P.S. Thanks for the link to the pixar story and for making me blubber in front of my wife as I read it to her.

threegirldad said...

They'd always use the most deferential titles (my Esteemed Colleague, the Rt. Honorable Whatsisname, etc.)

Ahhh, yes. Memories of watching the House of Commons on BBC America. ;-)

Whether it's "The right honorable Lady/Gentleman" or "My distinguished colleague on the right/left," the meaning is the same: "This idiot from the other party."

Dan B. said...

Not sure if any has seen the show "Big Bang Theory" on CBS, but the character Sheldon on that show
tries to practice his Admiral Ackbar impression.

Thanks for the LEGO link!

DJP said...

Thanks, Trogdor (etc).

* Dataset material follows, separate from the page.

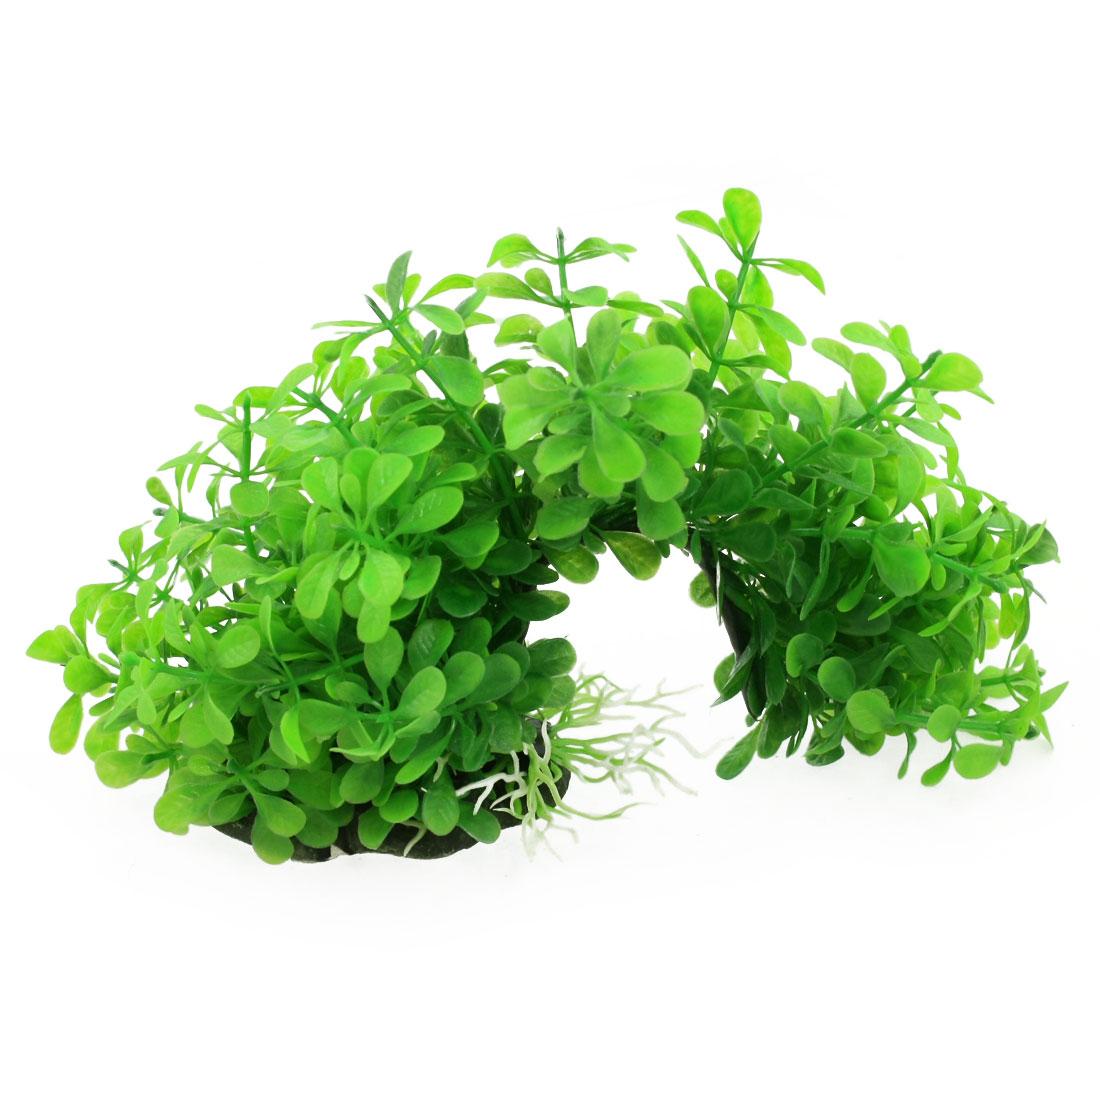 "Aquarium 8.6"" Width Emulational Curved Plants Green Aquascaping"

I was wondering if anyone was going to party much with the Ackbar homage — well, you know, apart from Fred's shilling.

Your story is hysterical. And no, that would have been a "holy punch."

P.D. — that story is a heart-jerker, throw-downer, and -stamp-on-the-grounder, I think. Especially if you have kids.

Solameanie said...

I can't help it, Dan. Whenever I see "Senatrix," several things go through my head depending on mood. Dominatrix, co-redemptrix and mediatrix, and especially Trix are for kids.

By electing The Boxer, Californeeyah played a trix on the nation. And yes, the song "The Boxer" fits her to a tee, especially the chorus . . . "Lie lie lie . . .lie lie lie lie lie lie lie . . . lie lie lie."